Akan tetapi, kalau kita mengamati dengan saksama metode-metode yang mereka pakai itu, kita akan dapati bahwa semua metode tersebut tidak bersumber dari al-Qur’an dan as-Sunnah, tetapi hanya bersumber dari pertimbangan akal dan perasaan, atau ciptaan pimpinan-pimpinan kelompok mereka, bahkan hanya berdasarkan khayalan atau mimpi yang kemudian mereka namakan dengan mukasyafah (tersingkapnya tabir).([8]) Inilah sebab utama yang menjadikan setan mampu menyesatkan mereka dengan sejauh-jauhnya dari jalan yang benar, karena berpalingnya mereka dari petunjuk Allah dalam al-Qur’an dan as-Sunnah.

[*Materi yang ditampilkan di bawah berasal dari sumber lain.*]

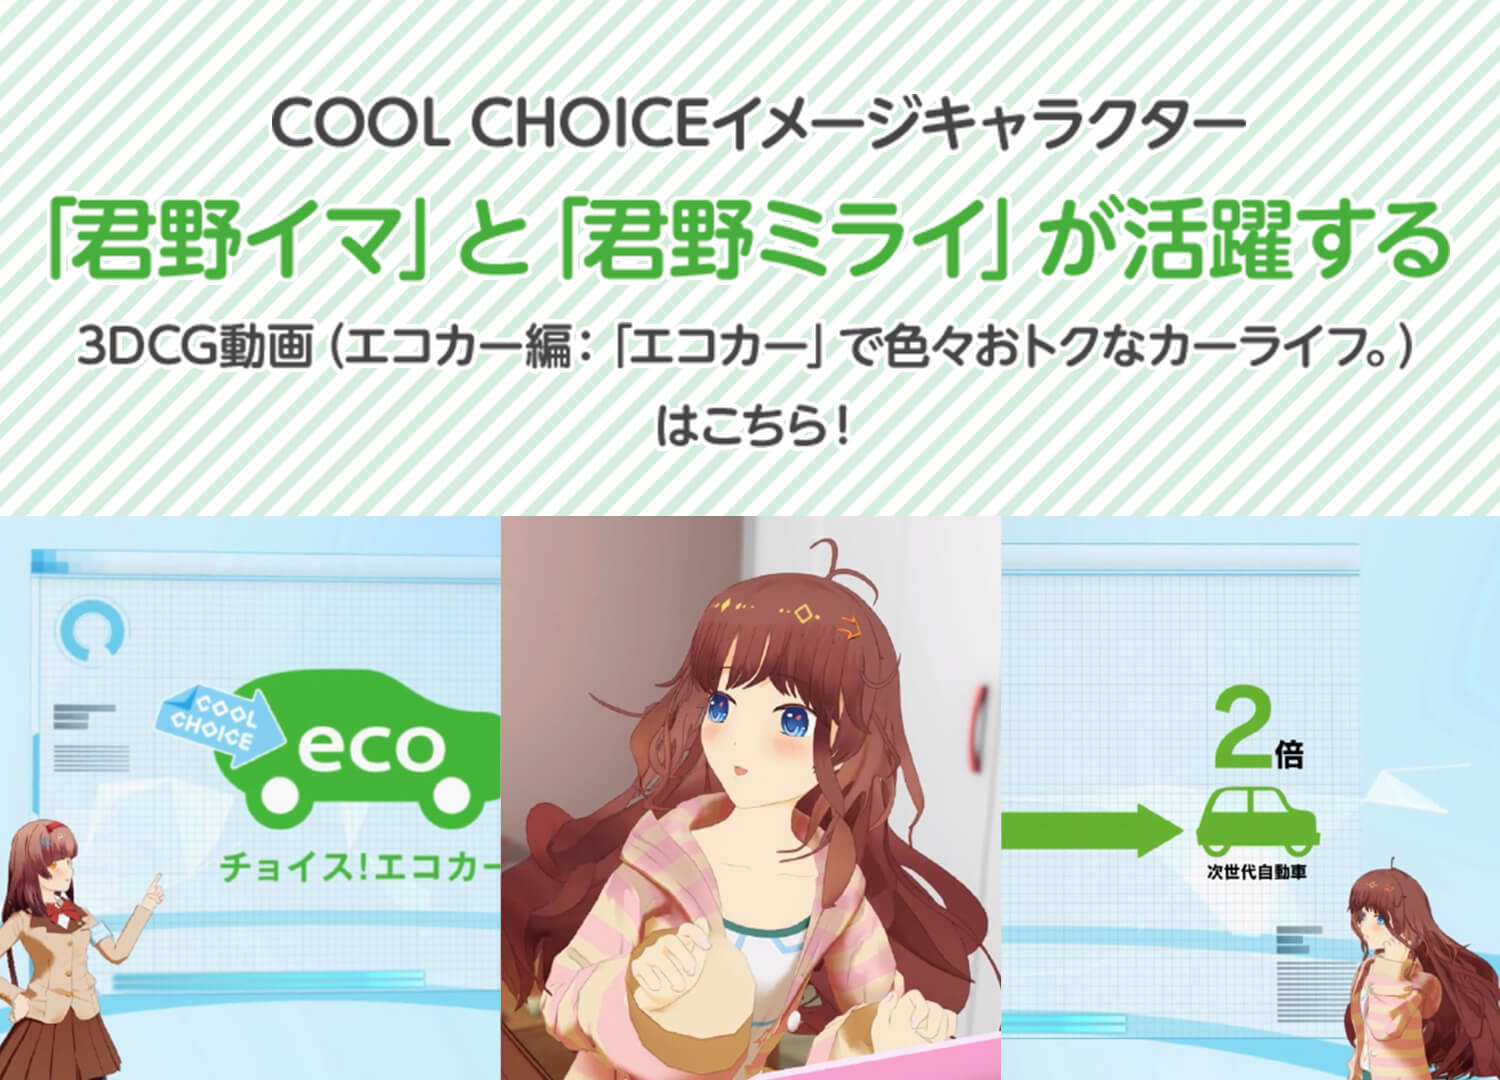 COOL CHOICEイメージキャラクター 「君野イマ」と「君野ミライ」が活躍する 3DCG動画（エコカー編：「エコカー」で色々おトクなカーライフ。）はこちら！
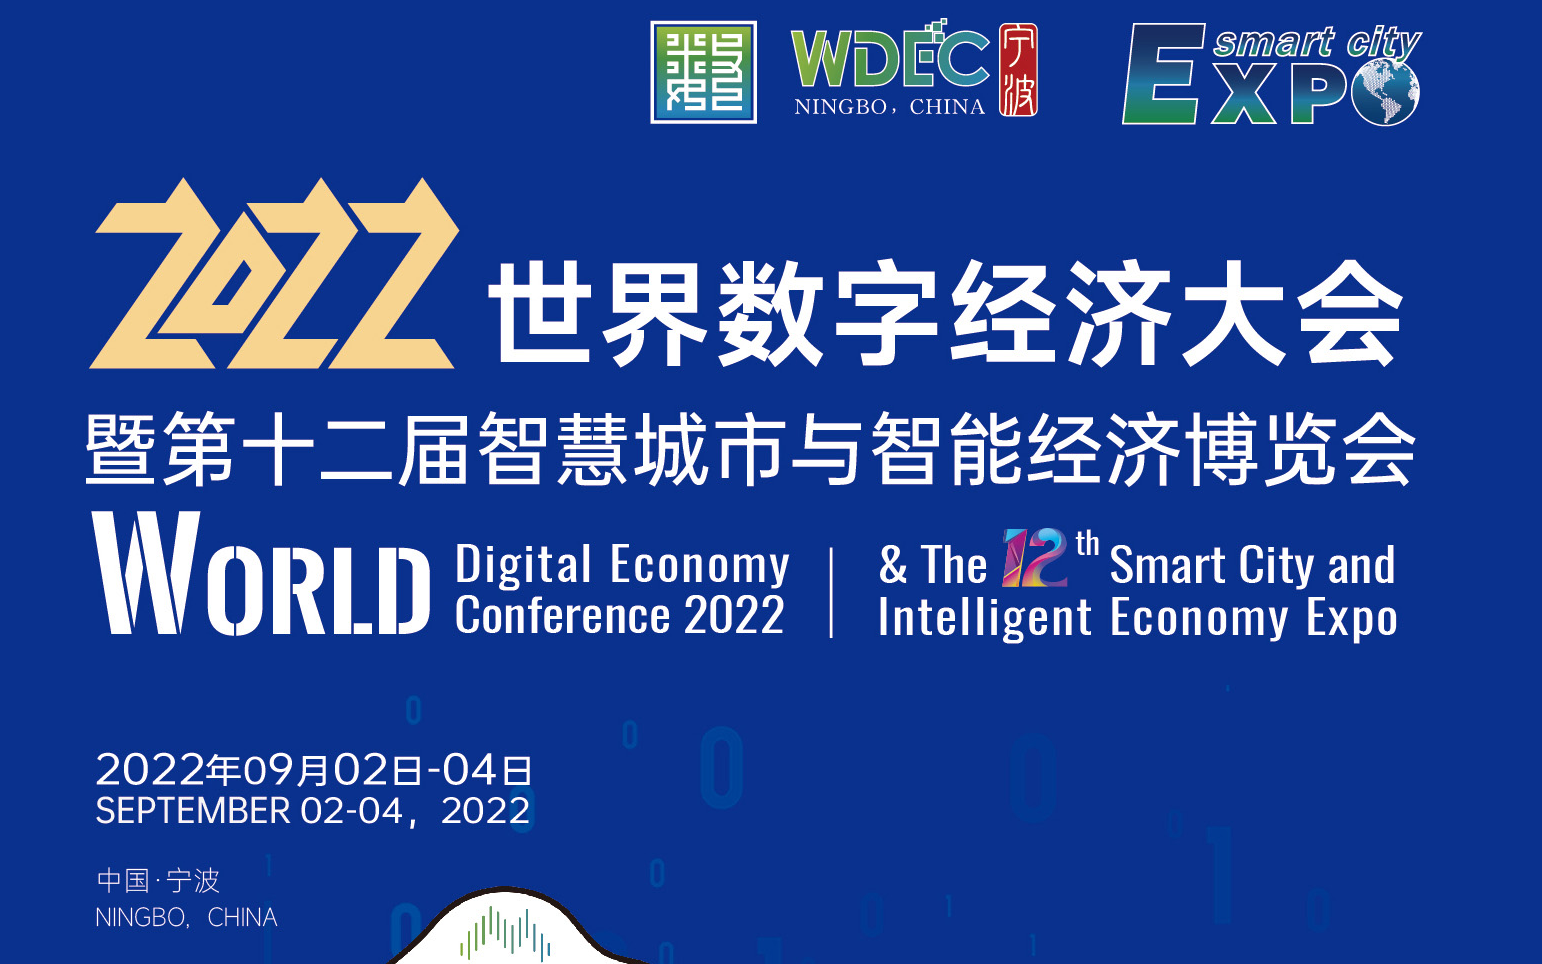 2022世界数字经济大会 暨第十二届智慧城市与智能经济博览会

Sehingga dengan manerapkan metode-metode mereka tersebut, seseorang tidak akan dapat mencapai kesucian jiwa dan kebersihan hati yang sebenarnya. Bahkan justru sebaliknya, hati orang tersebut akan semakin jauh dari Allah, karena mereka telah mengikuti jalan-jalan setan. “Barangsiapa yang berpaling dari dalil (al-Qur’an dan Sunnah) maka jalannya akan tersesat.”([9])
Imam Ibnul Qayyim mengatakan, “Termasuk tipu daya setan, adalah apa yang dilontarkannya kepada orang-orang ahli tasawuf yang bodoh, berupa asy syathahat (ucapan-ucapan dari bawah alam sadar/ igauan) dan penyimpangan besar, yang ditampakkannya kepada mereka sebagai bentuk mukasyafah (tersingkapnya tabir hakikat) dari khayalan-khayalan. Maka setan (dapat leluasa) menjerumuskan mereka dalam berbagai macam kerusakan dan kebohongan, serta membukakan bagi mereka pintu pengakuan-pengakuan (dusta) yang sangat besar. Setan membisikkan kepada mereka, bahwa sesungguhnya di luar ilmu (syariat yang bersumber dari al-Qur’an dan as-Sunnah) ada sebuah jalan (lain), yang jika mereka menempuhnya maka jalan itu akan membawa mereka kepada tersingkapnya (hakikat dari segala sesuatu) secara jelas dan membuat mereka tidak butuh lagi untuk terikat dengan (hukum dalam) al-Qur’an serta as-Sunnah (?!!)… Maka ketika (mereka menempuh jalan yang) jauh dari bimbingan ilmu yang dibawa Rasulullah Shallallahu ‘alaihi was salam, setan pun menampakkan kepada mereka berbagai macam kesesatan sesuai dengan keadaan mereka, dan membisikkan khayalan-khayalan ke (dalam) jiwa mereka, kemudian menjadikan khayalan-khayalan tersebut seperti benar-benar nyata sebagai penyingkapan (hakikat dari segala sesuatu) secara jelas…(?!!)”([10])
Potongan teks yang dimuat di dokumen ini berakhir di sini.